» WHAT TO DO: Among the entries below, find the line with "PT. PP Presisi", then quote it and each following line up to and including the line with "BARULAB(バルラボ) ブラック クレイ", and nothing else.

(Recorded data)
Segment Open
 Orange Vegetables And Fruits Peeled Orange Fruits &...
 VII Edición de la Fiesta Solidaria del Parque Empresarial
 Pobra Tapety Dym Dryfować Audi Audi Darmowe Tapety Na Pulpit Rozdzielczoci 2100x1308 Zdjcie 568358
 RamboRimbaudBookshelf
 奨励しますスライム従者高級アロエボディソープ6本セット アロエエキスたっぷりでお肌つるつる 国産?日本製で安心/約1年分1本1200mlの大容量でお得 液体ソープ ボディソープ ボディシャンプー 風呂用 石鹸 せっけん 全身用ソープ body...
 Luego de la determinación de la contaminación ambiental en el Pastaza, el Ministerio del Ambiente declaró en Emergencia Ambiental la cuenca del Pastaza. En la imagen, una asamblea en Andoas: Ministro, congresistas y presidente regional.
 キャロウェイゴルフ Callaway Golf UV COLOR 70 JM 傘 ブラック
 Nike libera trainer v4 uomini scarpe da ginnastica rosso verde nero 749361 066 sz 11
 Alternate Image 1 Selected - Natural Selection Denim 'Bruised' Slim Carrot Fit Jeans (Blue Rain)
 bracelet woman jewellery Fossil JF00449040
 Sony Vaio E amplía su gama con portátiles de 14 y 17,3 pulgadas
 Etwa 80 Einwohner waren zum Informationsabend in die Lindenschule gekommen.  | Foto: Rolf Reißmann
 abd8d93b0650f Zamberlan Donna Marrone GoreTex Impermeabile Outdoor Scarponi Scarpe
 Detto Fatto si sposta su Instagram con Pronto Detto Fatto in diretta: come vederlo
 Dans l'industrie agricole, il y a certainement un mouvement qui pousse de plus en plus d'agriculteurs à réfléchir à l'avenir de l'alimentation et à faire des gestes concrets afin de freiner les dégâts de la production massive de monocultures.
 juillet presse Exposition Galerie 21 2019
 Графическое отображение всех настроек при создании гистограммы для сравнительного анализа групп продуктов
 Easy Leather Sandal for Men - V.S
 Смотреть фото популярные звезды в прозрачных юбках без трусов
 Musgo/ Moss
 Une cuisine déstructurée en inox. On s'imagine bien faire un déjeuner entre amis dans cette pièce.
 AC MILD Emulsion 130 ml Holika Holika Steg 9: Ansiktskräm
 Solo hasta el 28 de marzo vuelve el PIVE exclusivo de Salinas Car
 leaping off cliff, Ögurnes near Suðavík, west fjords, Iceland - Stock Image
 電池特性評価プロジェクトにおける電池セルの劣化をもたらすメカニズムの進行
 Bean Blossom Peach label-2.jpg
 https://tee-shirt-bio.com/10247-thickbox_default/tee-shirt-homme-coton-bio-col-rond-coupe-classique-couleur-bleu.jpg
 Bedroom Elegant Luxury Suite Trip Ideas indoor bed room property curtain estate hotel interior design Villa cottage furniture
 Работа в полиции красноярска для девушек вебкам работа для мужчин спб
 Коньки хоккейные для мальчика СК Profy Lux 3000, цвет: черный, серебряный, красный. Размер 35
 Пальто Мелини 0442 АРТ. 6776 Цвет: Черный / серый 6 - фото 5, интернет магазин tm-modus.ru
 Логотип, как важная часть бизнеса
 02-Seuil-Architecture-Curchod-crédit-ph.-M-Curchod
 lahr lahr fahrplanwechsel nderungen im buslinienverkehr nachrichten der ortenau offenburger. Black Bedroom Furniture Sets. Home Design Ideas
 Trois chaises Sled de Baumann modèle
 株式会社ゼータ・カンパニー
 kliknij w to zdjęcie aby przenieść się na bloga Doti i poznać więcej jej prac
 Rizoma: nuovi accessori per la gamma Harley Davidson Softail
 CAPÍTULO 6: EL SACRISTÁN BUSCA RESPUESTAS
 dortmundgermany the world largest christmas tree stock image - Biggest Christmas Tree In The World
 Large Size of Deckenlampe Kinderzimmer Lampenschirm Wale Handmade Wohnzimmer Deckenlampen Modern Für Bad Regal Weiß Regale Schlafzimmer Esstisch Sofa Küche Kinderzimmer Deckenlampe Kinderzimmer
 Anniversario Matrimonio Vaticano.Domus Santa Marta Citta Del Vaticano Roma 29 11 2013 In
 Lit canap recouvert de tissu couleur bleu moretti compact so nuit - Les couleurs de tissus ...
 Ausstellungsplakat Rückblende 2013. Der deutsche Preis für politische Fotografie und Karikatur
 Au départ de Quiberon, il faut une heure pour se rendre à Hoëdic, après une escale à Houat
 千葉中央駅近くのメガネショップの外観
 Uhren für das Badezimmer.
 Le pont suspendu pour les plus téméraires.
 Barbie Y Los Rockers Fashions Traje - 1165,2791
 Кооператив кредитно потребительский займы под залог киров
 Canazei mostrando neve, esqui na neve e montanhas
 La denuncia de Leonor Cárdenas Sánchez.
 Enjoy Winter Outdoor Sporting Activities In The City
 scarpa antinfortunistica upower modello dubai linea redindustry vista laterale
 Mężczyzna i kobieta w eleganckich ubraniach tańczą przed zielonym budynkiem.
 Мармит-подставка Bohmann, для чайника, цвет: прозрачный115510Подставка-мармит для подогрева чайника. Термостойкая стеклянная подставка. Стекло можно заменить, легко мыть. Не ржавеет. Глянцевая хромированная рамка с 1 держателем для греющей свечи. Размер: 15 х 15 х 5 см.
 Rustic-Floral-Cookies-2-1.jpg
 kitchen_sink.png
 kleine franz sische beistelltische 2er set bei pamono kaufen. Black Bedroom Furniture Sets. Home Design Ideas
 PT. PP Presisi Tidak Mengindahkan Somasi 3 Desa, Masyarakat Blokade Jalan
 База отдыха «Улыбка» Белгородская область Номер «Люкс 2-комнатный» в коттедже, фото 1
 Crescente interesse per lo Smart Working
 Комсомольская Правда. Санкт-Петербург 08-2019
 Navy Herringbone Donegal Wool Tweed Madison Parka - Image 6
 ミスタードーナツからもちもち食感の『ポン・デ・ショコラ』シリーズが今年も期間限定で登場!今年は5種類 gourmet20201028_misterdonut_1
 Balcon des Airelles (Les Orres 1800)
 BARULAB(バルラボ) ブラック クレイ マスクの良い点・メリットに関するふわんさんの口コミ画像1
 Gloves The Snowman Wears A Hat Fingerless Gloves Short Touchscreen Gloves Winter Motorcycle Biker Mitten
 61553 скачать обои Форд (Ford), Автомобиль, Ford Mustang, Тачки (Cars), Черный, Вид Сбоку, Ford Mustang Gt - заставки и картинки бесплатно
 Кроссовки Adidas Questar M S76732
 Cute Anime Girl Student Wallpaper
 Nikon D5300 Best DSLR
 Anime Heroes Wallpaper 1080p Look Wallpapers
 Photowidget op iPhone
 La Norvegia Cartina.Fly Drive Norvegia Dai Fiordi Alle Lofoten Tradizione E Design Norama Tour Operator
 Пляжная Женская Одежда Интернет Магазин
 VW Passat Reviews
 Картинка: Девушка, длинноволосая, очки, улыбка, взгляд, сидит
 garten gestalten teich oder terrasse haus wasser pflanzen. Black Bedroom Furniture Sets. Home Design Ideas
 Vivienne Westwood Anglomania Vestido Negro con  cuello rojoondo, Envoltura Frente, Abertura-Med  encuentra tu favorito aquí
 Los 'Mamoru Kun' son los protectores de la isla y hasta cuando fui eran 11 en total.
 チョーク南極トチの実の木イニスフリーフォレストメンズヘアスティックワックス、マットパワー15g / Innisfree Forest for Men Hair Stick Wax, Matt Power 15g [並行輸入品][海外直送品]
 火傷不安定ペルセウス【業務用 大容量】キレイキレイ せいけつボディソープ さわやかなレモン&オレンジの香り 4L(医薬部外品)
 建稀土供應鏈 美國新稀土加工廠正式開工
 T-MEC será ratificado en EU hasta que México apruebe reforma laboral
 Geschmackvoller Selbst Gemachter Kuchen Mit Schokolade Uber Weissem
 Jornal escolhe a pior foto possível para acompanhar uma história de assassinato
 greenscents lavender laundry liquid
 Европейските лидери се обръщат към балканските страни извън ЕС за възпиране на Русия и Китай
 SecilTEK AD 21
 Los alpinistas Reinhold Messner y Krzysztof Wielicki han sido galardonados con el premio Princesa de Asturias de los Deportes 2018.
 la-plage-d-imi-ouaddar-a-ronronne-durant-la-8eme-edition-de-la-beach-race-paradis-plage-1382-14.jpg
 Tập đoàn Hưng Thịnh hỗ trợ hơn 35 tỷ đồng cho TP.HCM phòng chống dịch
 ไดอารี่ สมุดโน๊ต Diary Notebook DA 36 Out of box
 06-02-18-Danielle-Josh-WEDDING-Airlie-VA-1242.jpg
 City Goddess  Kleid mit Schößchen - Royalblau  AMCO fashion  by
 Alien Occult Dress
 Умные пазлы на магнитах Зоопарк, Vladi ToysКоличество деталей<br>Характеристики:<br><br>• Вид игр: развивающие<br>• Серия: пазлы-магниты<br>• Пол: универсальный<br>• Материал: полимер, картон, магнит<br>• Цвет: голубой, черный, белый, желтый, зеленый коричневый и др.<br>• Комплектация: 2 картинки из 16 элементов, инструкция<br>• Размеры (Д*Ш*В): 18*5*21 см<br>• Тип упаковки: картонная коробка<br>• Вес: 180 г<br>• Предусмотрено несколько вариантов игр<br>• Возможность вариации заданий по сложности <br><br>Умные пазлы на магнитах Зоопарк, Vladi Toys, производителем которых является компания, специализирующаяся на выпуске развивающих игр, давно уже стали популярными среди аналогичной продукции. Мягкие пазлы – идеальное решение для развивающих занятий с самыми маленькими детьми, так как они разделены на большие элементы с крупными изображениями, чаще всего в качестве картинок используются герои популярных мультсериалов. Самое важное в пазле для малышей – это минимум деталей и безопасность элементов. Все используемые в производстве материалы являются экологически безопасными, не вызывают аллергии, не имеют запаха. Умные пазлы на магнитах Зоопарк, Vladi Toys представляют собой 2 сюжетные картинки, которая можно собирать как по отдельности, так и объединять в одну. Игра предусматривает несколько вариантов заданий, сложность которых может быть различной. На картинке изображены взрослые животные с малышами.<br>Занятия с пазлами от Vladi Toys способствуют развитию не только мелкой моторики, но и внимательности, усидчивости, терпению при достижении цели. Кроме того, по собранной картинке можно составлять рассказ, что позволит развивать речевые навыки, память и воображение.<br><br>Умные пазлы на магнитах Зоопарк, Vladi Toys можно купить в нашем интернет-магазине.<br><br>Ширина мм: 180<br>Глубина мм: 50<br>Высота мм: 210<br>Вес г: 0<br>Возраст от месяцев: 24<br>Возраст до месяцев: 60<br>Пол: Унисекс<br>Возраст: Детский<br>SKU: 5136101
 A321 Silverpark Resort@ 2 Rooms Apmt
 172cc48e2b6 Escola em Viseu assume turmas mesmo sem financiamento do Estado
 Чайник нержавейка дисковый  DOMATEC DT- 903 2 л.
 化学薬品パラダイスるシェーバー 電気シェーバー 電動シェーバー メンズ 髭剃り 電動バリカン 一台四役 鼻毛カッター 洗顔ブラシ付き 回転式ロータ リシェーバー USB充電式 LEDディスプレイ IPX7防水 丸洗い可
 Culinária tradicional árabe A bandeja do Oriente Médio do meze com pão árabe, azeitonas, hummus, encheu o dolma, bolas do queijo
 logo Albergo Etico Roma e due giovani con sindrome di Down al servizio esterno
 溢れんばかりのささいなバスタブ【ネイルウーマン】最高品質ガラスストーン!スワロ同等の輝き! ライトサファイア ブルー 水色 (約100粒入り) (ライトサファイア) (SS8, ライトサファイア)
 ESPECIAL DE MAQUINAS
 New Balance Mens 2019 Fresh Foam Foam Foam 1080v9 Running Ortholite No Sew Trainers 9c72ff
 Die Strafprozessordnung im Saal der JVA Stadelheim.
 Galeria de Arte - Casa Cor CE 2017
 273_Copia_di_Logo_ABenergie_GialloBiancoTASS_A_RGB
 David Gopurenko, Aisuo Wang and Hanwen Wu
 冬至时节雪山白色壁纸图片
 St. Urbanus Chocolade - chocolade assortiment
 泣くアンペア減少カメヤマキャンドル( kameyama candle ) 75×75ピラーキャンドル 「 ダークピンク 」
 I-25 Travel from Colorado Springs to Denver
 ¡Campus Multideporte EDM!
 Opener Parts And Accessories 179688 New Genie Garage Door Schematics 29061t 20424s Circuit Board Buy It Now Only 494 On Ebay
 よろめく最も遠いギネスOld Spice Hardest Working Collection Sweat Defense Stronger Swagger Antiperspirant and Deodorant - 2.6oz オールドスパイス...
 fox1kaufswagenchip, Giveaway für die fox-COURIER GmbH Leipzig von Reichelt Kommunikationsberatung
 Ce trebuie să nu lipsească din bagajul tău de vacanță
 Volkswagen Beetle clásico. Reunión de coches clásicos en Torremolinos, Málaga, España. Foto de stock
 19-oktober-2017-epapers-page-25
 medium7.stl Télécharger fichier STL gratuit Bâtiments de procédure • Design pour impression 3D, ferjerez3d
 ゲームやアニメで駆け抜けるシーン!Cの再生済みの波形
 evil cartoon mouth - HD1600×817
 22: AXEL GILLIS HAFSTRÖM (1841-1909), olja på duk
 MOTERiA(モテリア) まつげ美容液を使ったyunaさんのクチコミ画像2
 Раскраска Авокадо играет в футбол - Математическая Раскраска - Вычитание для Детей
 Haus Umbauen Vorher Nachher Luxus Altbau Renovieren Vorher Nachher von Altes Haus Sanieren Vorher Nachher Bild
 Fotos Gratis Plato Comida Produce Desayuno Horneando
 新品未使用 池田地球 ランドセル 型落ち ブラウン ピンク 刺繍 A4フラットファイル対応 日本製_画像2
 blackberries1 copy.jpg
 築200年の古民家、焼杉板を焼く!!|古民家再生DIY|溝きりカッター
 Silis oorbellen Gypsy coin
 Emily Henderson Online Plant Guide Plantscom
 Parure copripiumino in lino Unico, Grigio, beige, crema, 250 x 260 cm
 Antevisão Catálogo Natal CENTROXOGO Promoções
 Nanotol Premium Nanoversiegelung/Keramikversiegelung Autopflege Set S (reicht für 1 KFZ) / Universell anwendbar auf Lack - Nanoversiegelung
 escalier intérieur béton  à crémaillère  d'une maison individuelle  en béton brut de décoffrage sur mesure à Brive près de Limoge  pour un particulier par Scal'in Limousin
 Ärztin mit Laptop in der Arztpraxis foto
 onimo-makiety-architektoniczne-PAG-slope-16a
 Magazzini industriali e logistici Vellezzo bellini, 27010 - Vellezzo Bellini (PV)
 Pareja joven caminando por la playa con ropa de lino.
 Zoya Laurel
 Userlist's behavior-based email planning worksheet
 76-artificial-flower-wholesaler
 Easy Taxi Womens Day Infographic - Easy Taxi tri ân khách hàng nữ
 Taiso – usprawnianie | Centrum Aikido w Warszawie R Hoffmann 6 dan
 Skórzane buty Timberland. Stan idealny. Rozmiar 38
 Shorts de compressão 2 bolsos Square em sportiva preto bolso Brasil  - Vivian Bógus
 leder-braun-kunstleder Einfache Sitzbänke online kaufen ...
Segment Closed
» ANSWER AREA:
 PT. PP Presisi Tidak Mengindahkan Somasi 3 Desa, Masyarakat Blokade Jalan
 База отдыха «Улыбка» Белгородская область Номер «Люкс 2-комнатный» в коттедже, фото 1
 Crescente interesse per lo Smart Working
 Комсомольская Правда. Санкт-Петербург 08-2019
 Navy Herringbone Donegal Wool Tweed Madison Parka - Image 6
 ミスタードーナツからもちもち食感の『ポン・デ・ショコラ』シリーズが今年も期間限定で登場!今年は5種類 gourmet20201028_misterdonut_1
 Balcon des Airelles (Les Orres 1800)
 BARULAB(バルラボ) ブラック クレイ マスクの良い点・メリットに関するふわんさんの口コミ画像1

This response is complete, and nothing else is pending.